Vamos ao que conta (e que foi
objeto das mensagens de muitos
leitores): por que se acentua "raízes", mas não se acentua "raiz"?
De início, é imperativo dizer que o
fato de uma palavra ser ou não
ser acentuada no singular não
significa nada em relação ao plural. Há pares de todos os tipos
("açúcar/ açúcares", "raiz/ raízes", "hífen/ hifens", "bar/bares").

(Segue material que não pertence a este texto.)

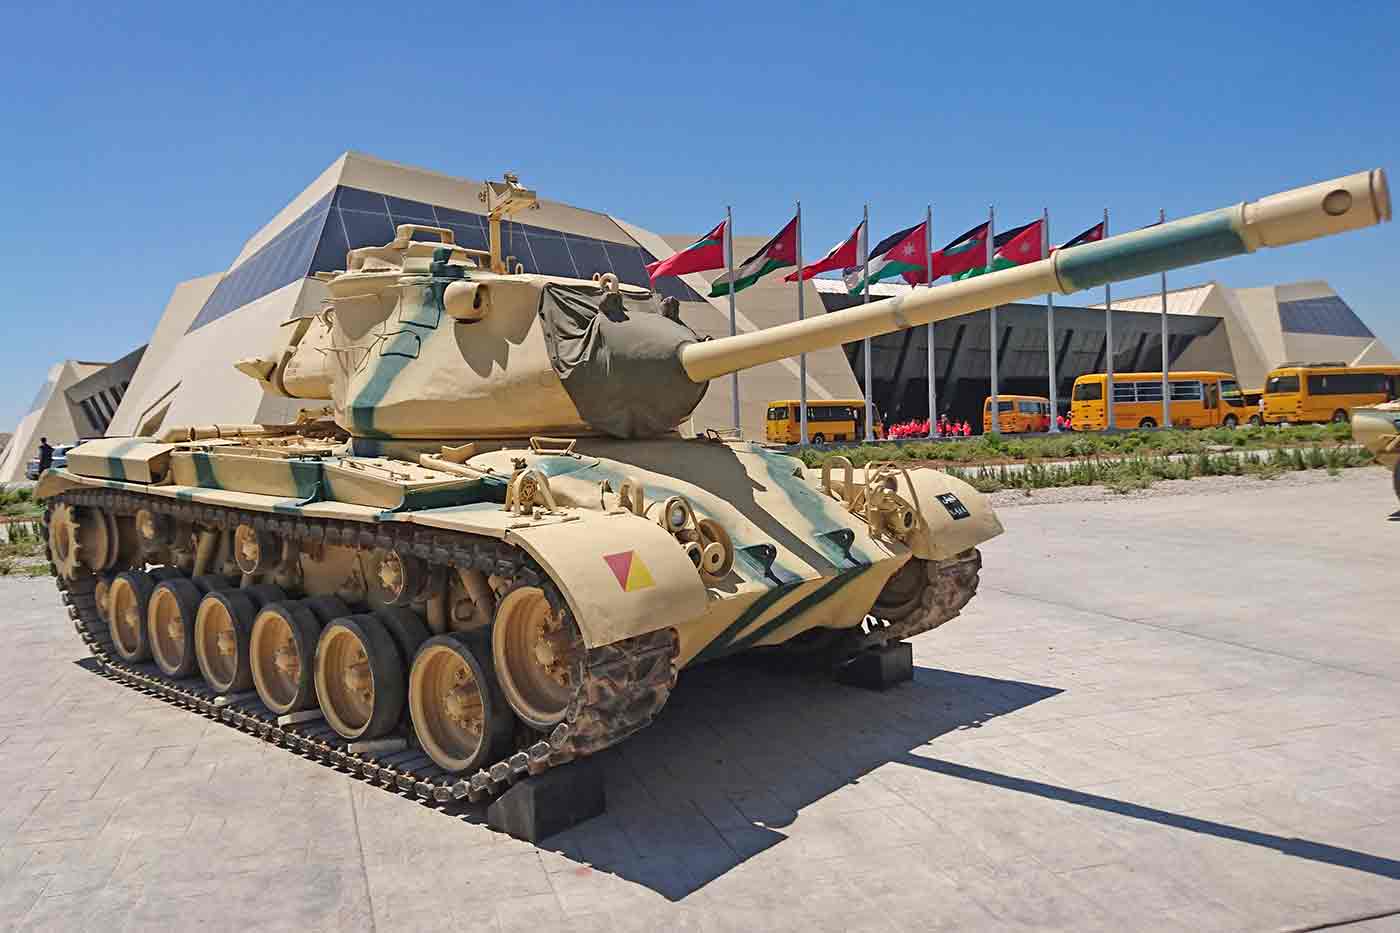 The Royal Tank Museum

Também é preciso dizer que
ninguém deve decorar a acentuação de palavra por palavra (esta
tem, aquela não tem etc.) para saber acentuar de acordo com a
norma vigente. Basta conhecer o
mecanismo do sistema de acentuação de nossa língua. Como já
foi dito mais de uma vez neste espaço, o mecanismo se apóia numa relação binária, de exclusão.
Vamos direto à tradução disso.
No par "mulher/açúcar", por
exemplo, temos uma oxítona
("mulher") e uma paroxítona
("açúcar"), ambas terminadas em
"r". O que se faz? Coloca-se acento
nas duas? Ou não se acentua nenhuma? Nem uma coisa nem outra. Coloca-se acento na palavra
que pertence ao grupo minoritário -o das paroxítonas terminadas em "r", no caso.

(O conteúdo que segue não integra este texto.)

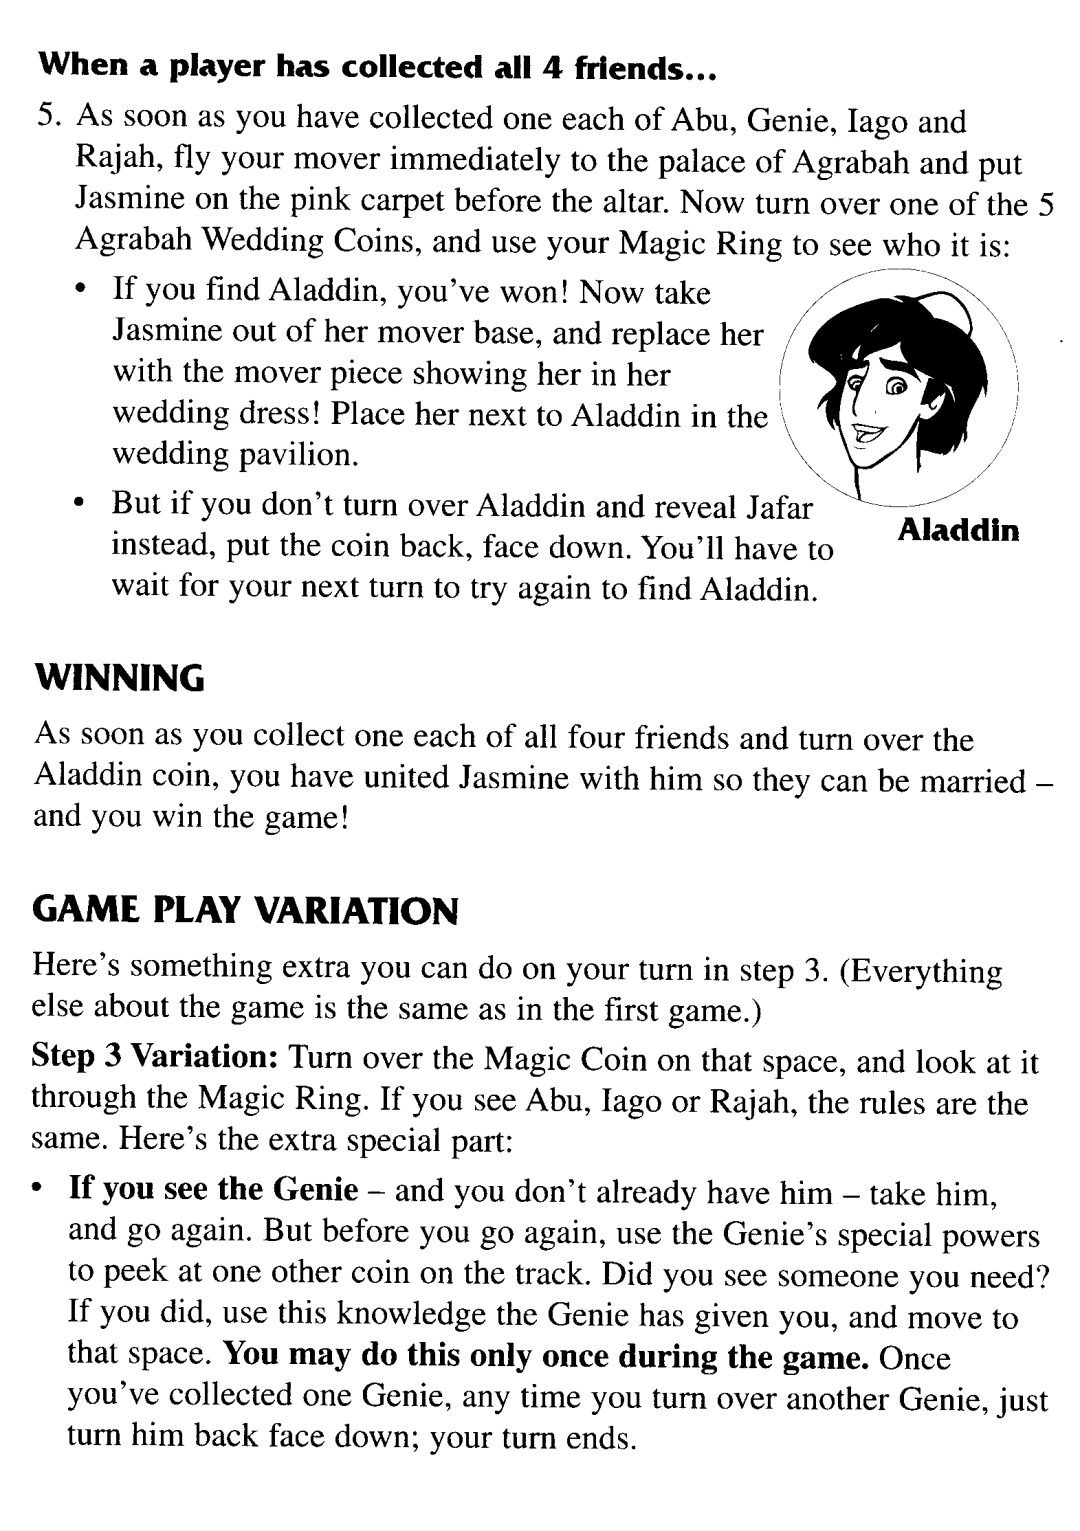 Disney Interactive Studios Aladdin Jasmine Magic Ring Game manual

Para que se perceba que de fato
é esse o grupo minoritário, basta
verificar que todos os infinitivos
portugueses terminam em "r" e
são oxítonos, ou seja, as oxítonas
terminadas em "r" são muito
mais numerosas do que as paroxítonas de mesma terminação.
Como diz a Barbara Gancia,
aposto um picolé de limão como
ninguém consegue dizer de bate-pronto mais de quinze ou vinte
paroxítonas terminadas em "r"
(não vale recorrer a programas de
computador). Quer um empurrão? Vamos lá: açúcar, dólar, éter,
cadáver, caráter, revólver, mártir,
sóror, fêmur... E o estoque começa
a escassear. Com um pouco de esforço, chega-se a "aljôfar", "âmbar", "nenúfar"... (que, por sinal,
são usadíssimas no dia-a-dia...).
Moral da história: se amanhã
de manhã surgir uma nova palavra na língua, se ela ganhar uso
freqüente a ponto de ir parar nos
livros, nos jornais etc. e se ela for
paroxítona terminada em "r", será grafada com acento gráfico. Sabe por quê? Porque todas as (poucas) paroxítonas terminadas em
"r" são acentuadas. E por que todas elas são acentuadas? Porque
nenhuma das (muitas) oxítonas
terminadas em "r" é acentuada.
E onde entra o caso de "raiz" e
"raízes" nessa história? Entra no
mesmo princípio (relação binária,
de exclusão). Nessas duas palavras ocorre hiato ("seqüência de
duas vogais que pertencem a sílabas diferentes", na definição do
"Aurélio"). Quando a segunda
vogal do hiato é "i" ou "u" (tônicos), coloca-se acento agudo, desde que esse "i" e esse "u" estejam
sozinhos ou acompanhados de
"s". É por isso que se põe acento
em "raízes" ("ra-í-zes"), mas não
se põe em "raiz" ("ra-iz" - o "i" é
acompanhado de "z" na sílaba).
Mas por que se põe acento na segunda vogal desses casos de hiato?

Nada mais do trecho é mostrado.